Tharp normally lets his lure fall straight to the bottom, then pulls it up to the underside of the canopy and shakes it. In warm water, he only shakes the lure for a few moments before reeling in for another presentation, but in colder water he may leave his lure in place for as long as a minute.
“Your first bass normally tells you where they are under the canopy, and how they want your lure,” he explains. “Sometimes the fish position themselves right underneath the canopy, but other times they’re holding on the bottom. This can change, too, between early morning when the water is cooler and late afternoon when it’s often several degrees warmer.”
Tharp catches the majority of his bass this way in water less than five feet deep, but he’s caught them as deep as 20 feet, even though matted vegetation covered the surface. When he won the 2013 Forrest Wood Cup® championship held on Louisiana’s Red River, he punched hyacinth mats and caught bass in less than a foot of water.

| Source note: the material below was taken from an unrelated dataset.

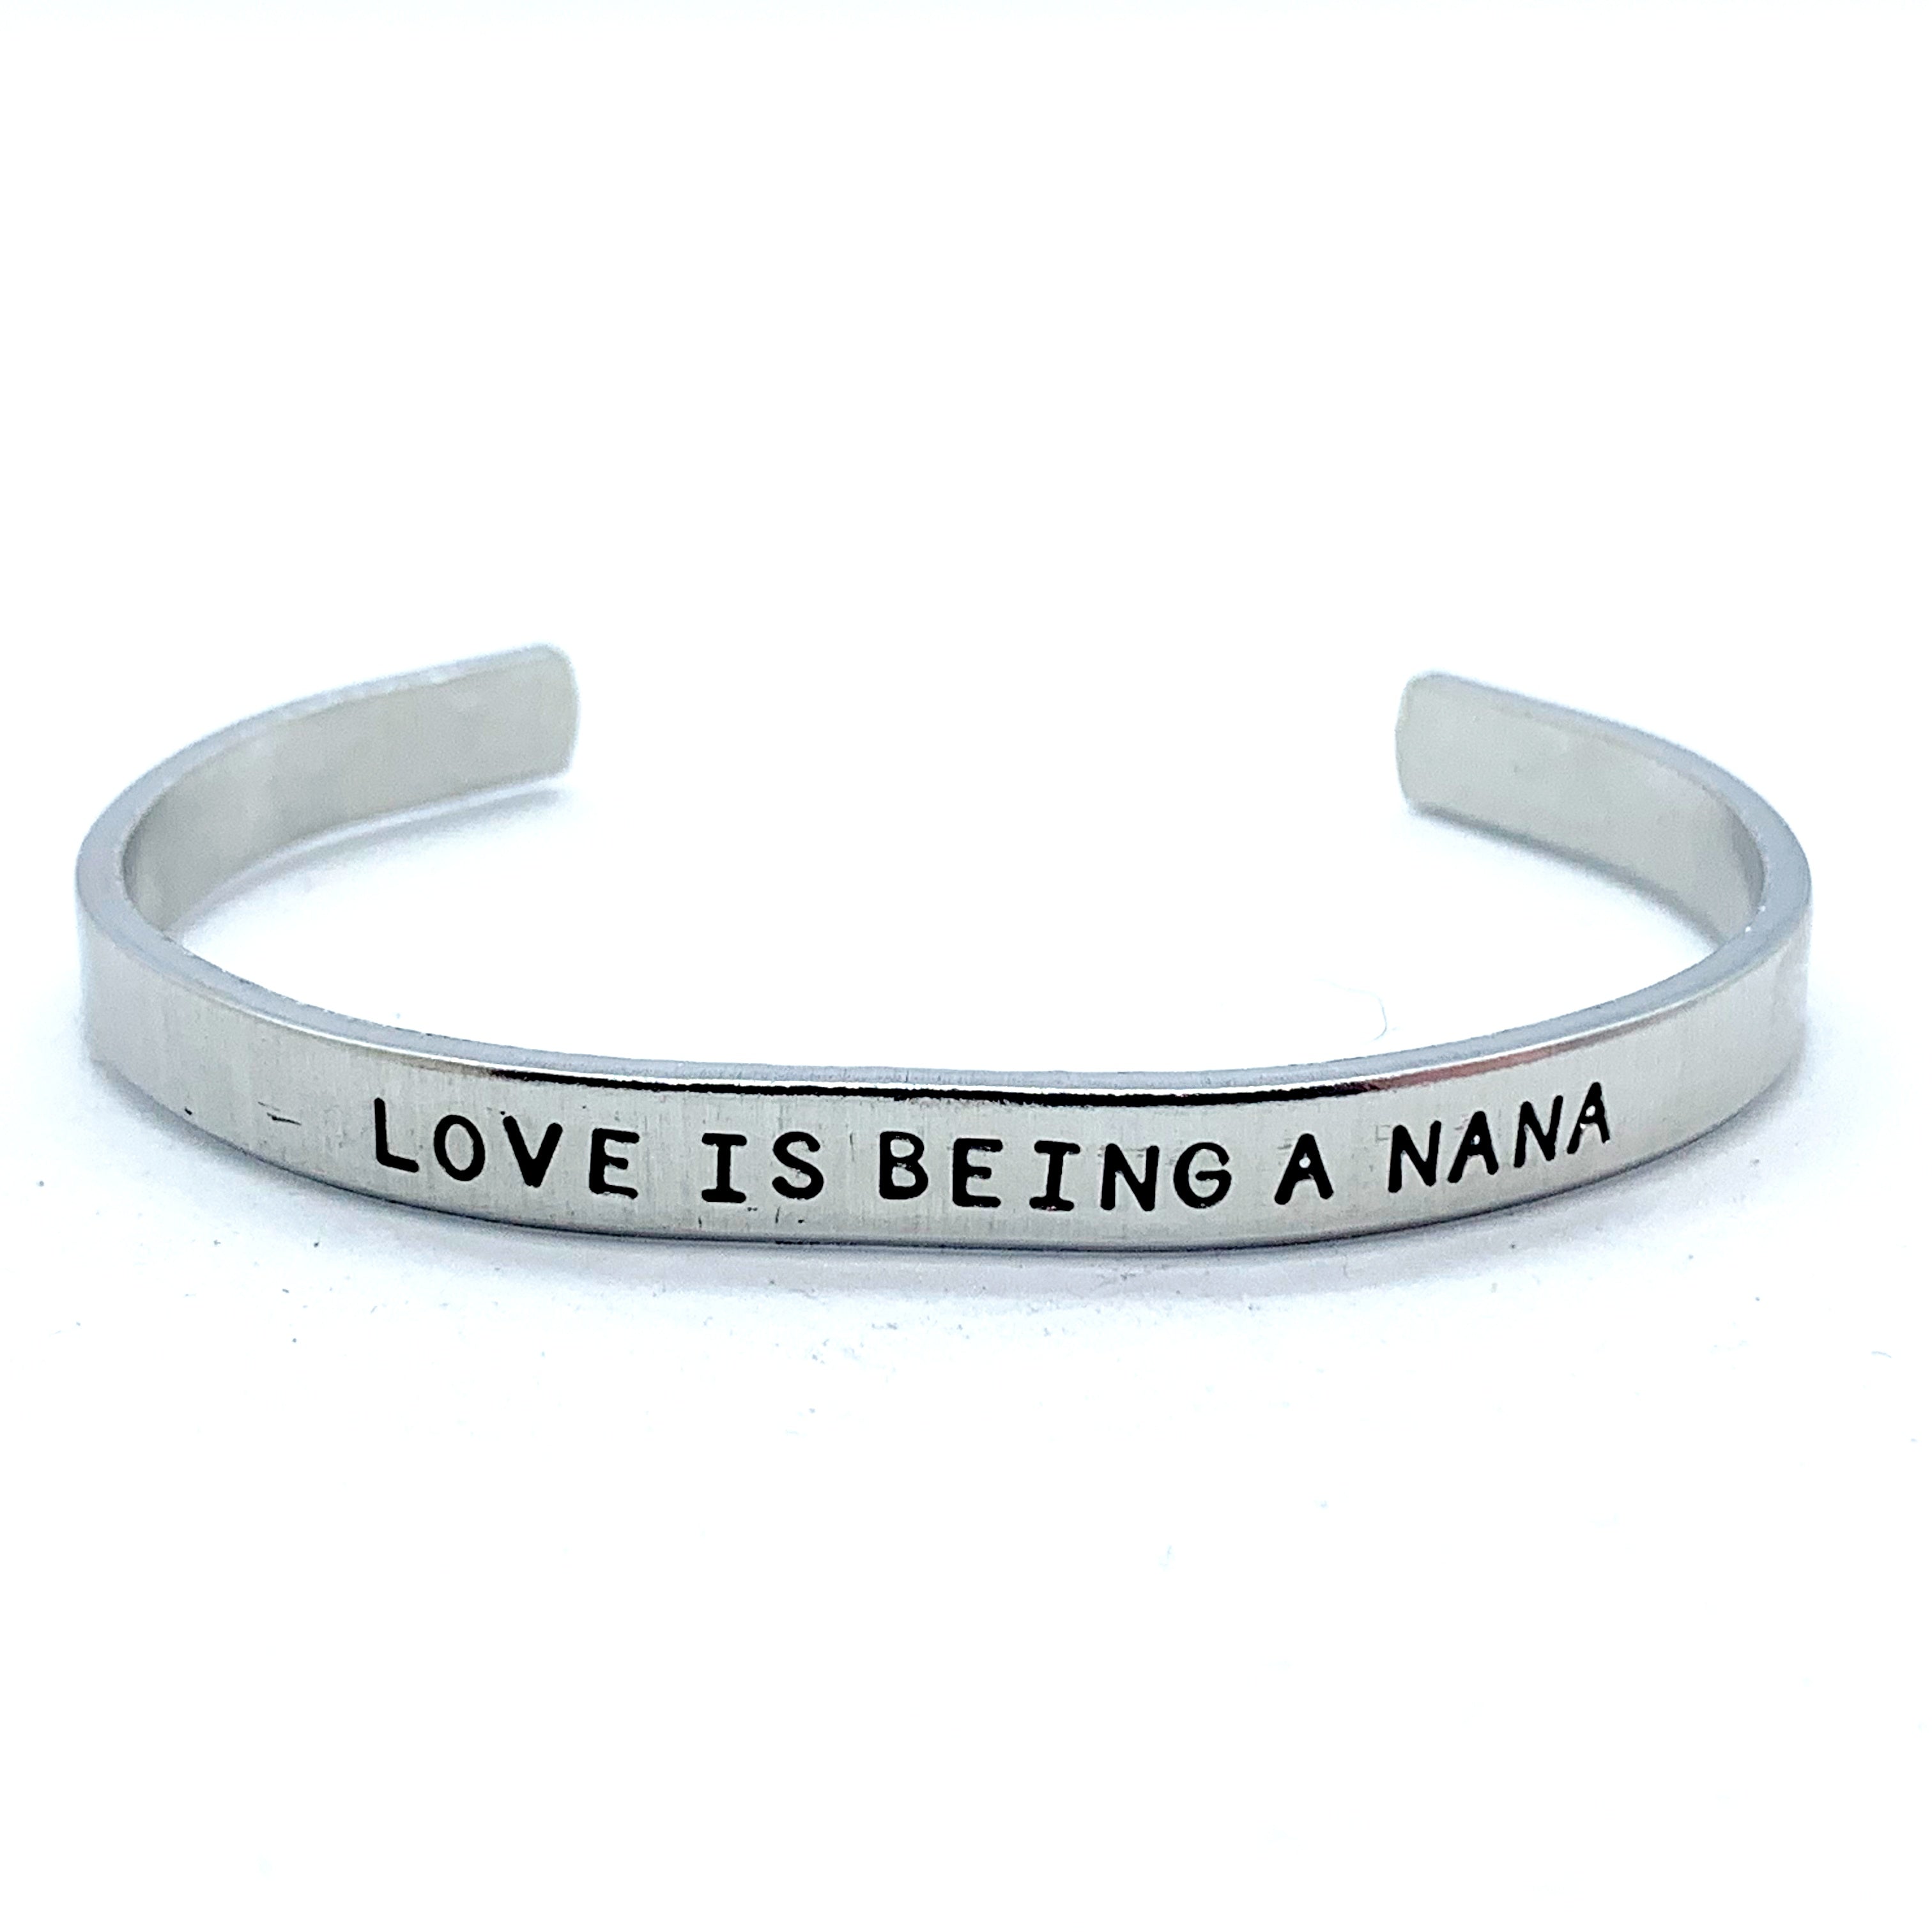 ¼ inch Aluminum Cuff - Love Is Being A Nana

Unquestionably, one key to Tharp’s success using the punching presentation is tying a snell knot on his hook. It takes a few seconds longer to tie, but this particular knot creates a cam-like action that springs the hook upward practically 90 degrees so it more easily penetrates the roof of the fish’s mouth. Not many tournament pros use the punching presentation, but when they do, they use a snell knot for this reason.
“I don’t think there is a lake in the country where this technique won’t work if you can find some type of cover that forms an actual canopy on the surface,” concludes the Yamaha Pro. “I have even caught bass on Table Rock, one of the clearest lakes I’ve ever fished. In a little cove I found a mat of floating debris the waves had washed up against a rocky shoreline.
“We usually call it ‘sawdust,’ because it’s a thin mixture of pollen, leaves, sticks, whatever floats. On my first punching presentation, I caught a 4½ pounder, so you know fish will move to that type of cover whenever they can find it.”